Introduction:
Prostate cancer (PCa) is the second leading cause of cancer death in American men. Transrectal ultrasound (TRUS) guided prostate biopsy, the standard procedure for diagnosing PCa, involves tissue extractions. The microarchitecture of the biopsied tissue is afterwards visualized by histological or immunohistochemical procedures, and characterized by a Gleason score, a highly prognostic factor describing PCa aggressiveness. TRUS, despite its ability to delineate prostate contour, often struggles with low sensitivity in identifying cancerous tissues. Small yet clinically important tumors are frequently missed. To address these problems, preprocedural magnetic resonance imaging (MRI) has been integrated for targeted biopsies. Unfortunately, the availability of MRI is limited, and the imperfect co-registration between the preprocedural MRI and the real-time TRUS produces 10-20% false negative cases. Moreover, the diagnosis with experienced surgeons can be distinctive due to the small sampling volume. This project aims to develop a real-time, large-volume sensing or imaging technology capable of mapping the distribution of malignancies in the prostate, enabling more accurate biopsy guidance to ensure at least one sample is obtained from the region containing the most aggressive cancer.

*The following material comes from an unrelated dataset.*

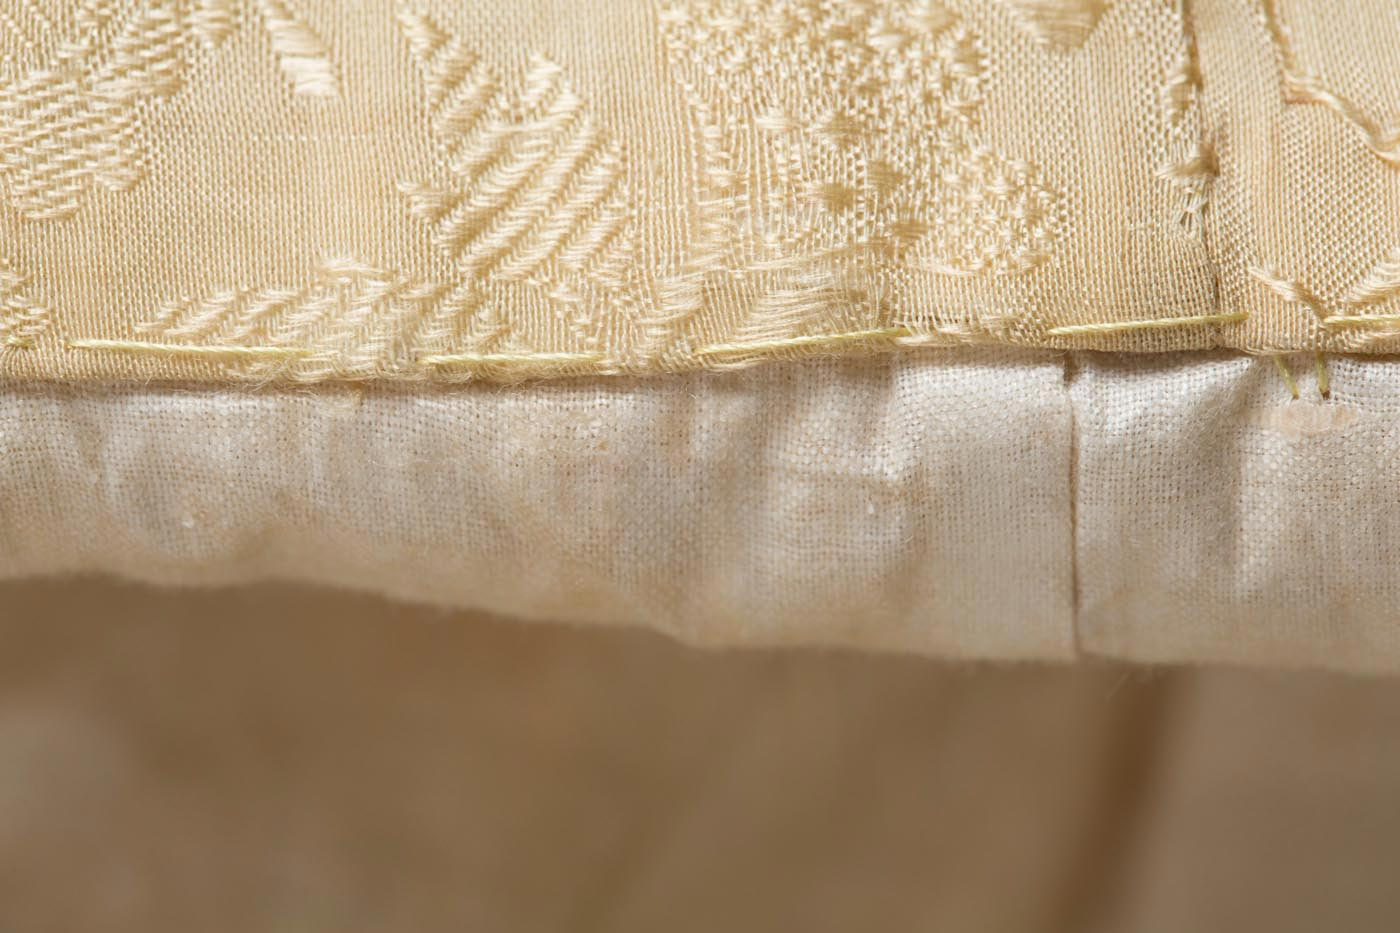 Hem detail. - click to view larger image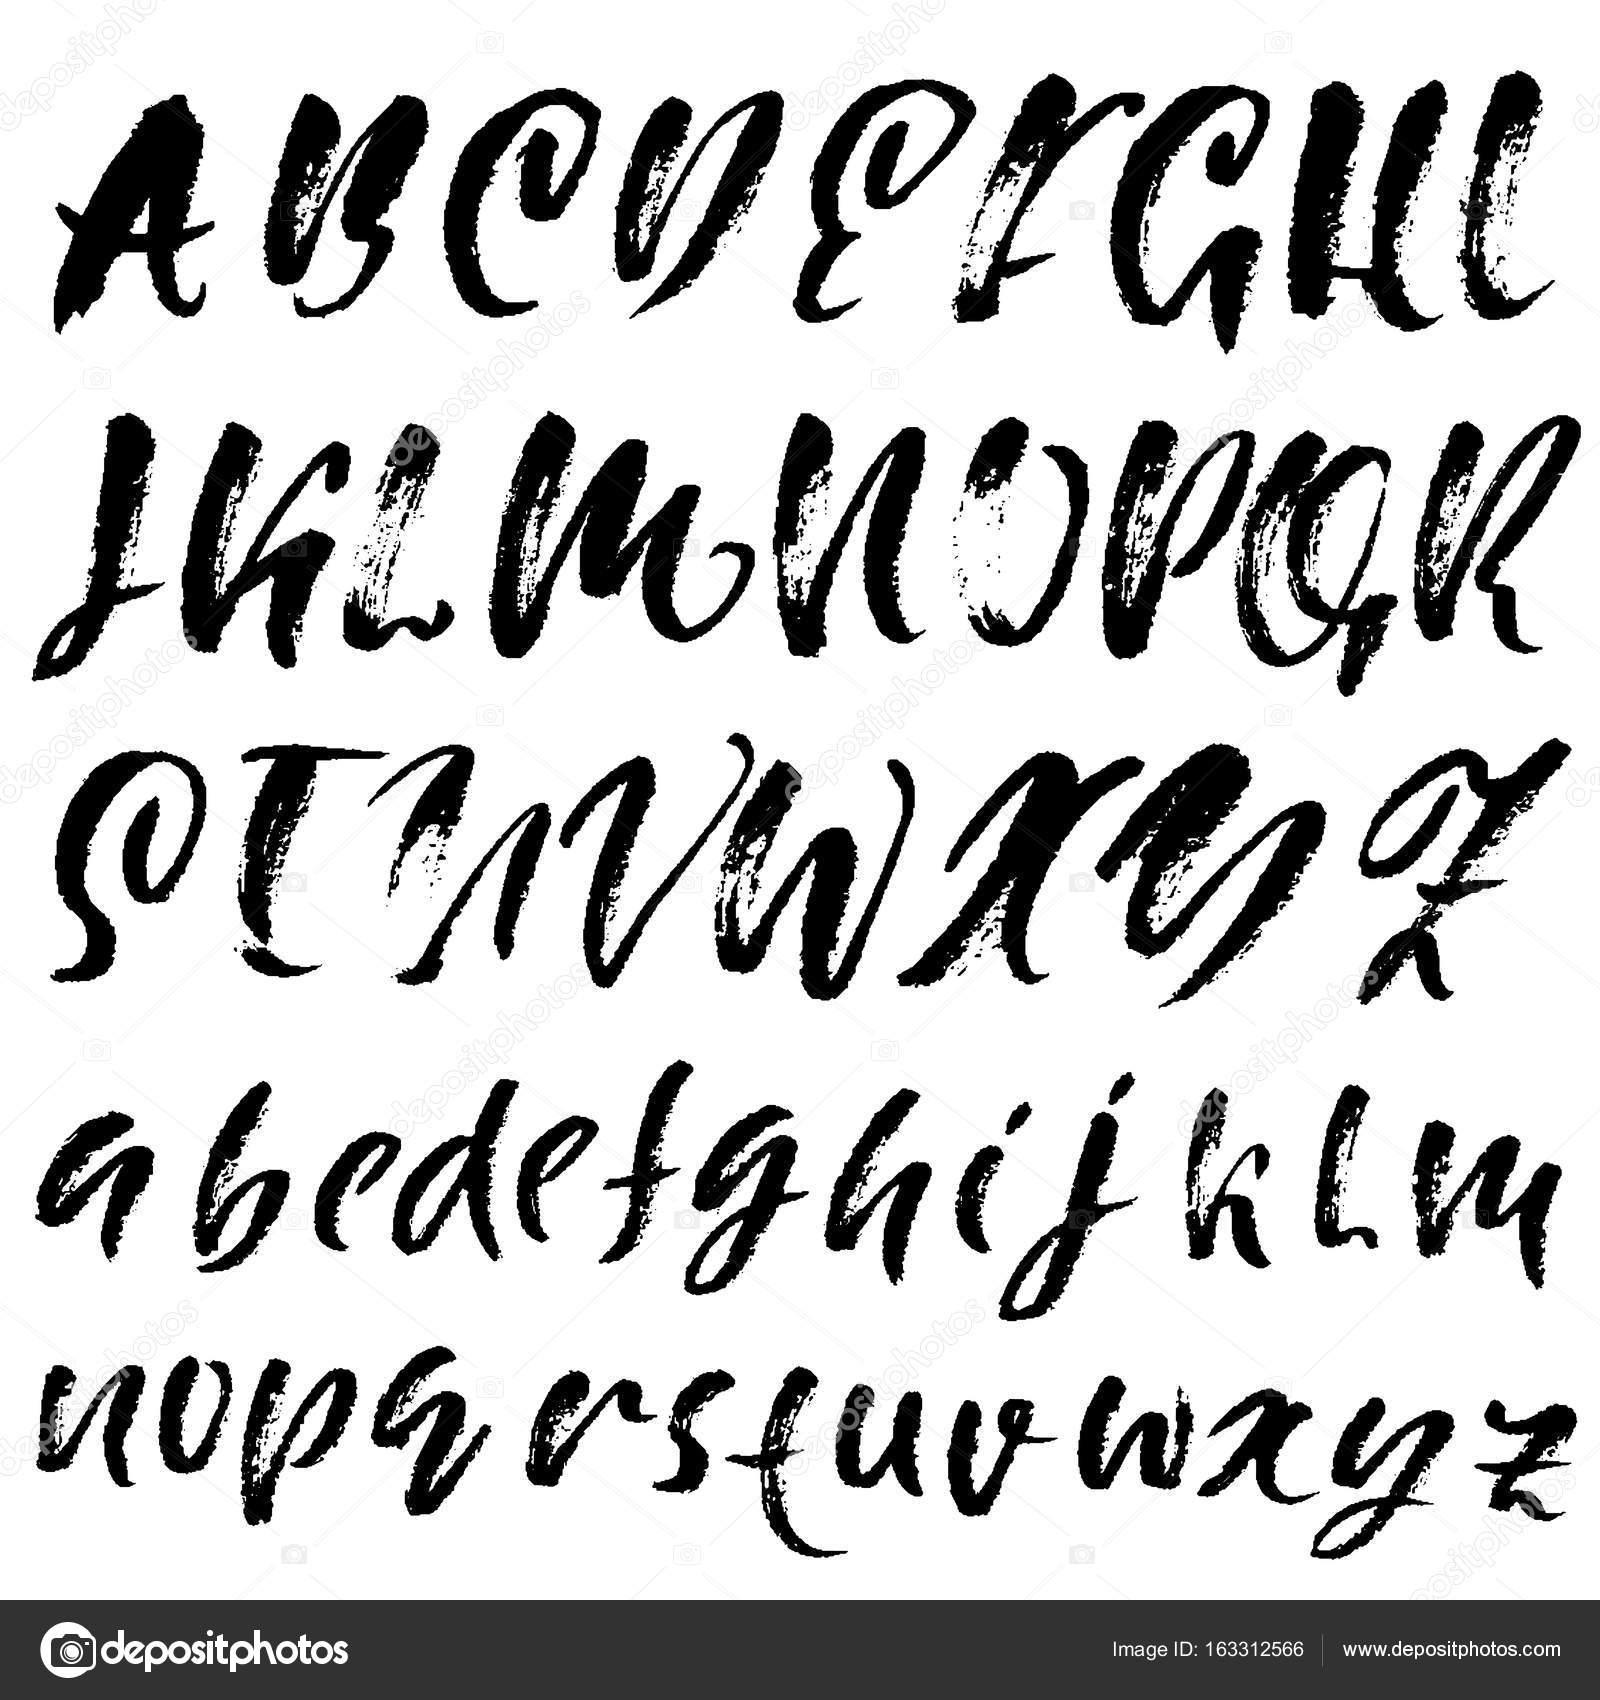 Polices De Calligraphie Elegante Dessine Main Lettrage De Pinceau

Photoacoustic (PA) imaging and sensing combine optical sensitivity to tissue components and ultrasound (US) resolution to discern the microarchitectures formed by individual components. Most previous studies on optical or PA imaging of PCa have attempted transrectal imaging as well as transurethral illumination. However, due to the optical and acoustic attenuation, it is difficult to capture the high frequency signals encoding the microscopic architecture information at 10s of microns, which is the key diagnostic factor in Gleason scoring system. As a trade-off between invasiveness and diagnostic reliability, 1) we developed an interstitial measurement approach, where a needle PA sensing probe with identical dimensions as a biopsy needle is inserted into the prostate for PA measurements; 2) we also developed a PA spectral analysis (PASA) method to quantify the tissue microarchitecture information encoded in the measurements; 3) with a tunable laser, we are able to independently target and quantify the relative content of hemoglobin, lipid , collagen and cell nuclei, and averaged architectural dimensions formed by these tissue components, which are directly correlated with those described in the Gleason scoring system.
All-optical Sensing Probe, Control System :
Fig. 1 Design and Application of the all-optical sensing needle PA probe in human subjects. (a-d) Pictures of the 18G all-optical PA sensing probe. (a) Optical components without the needle sheath. FOD: Fiber optic diffuser. FOH: Fiber optic hydrophone. (b) Side view and (c) Top view of the functional segment of the needle probe in the red-dashed box in (d) with 700nm laser coupled into the needle. (e) The data acquisition system on cart. (f) A urological surgeon operating the needle probe during a biopsy procedure.
Example results:
Fig. 2 (a) Experiment setup simulating a US guided transperineal prostate biopsy. (b) Gross pathology by slicing the prostate into 4-5 mm thick samples. The blue spots are the spatial markers of the PA measurements. The 2D contours of the cancers were delineated. (c-e) are box plots showing the quantified spectral slopes of the three categories of tissues measured at the wavelength of 1220 nm, 1370 nm, and 266 nm, respectively. Median values are marked by red lines. (f-h) Representative histology photographs of the measured human prostate tissue samples, including a benign sample, a nonaggressive cancer tissue with GS=6, and an aggressive cancer tissue with GS=7. 100× objective magnification.
Fig. 3 2D PASA in a transgenic mouse model. (a)–(c) Gross pathology picture with prostate cancer progresses. (d)–(f) PA images of the prostates in (ac). The dotted line depicts the prostate contours delineated according to the photos in (a)–(c). (g)–(i) Pixel-wise PASA slopes overlaid on top of the prostate contours. (j)–(l) Hematoxylin and eosin (H&E) histology examples of the same prostates in (a)–(i). Scale bars in (a)–(i) and (j)–(l) represent 5 mm and 100 µm, respectively.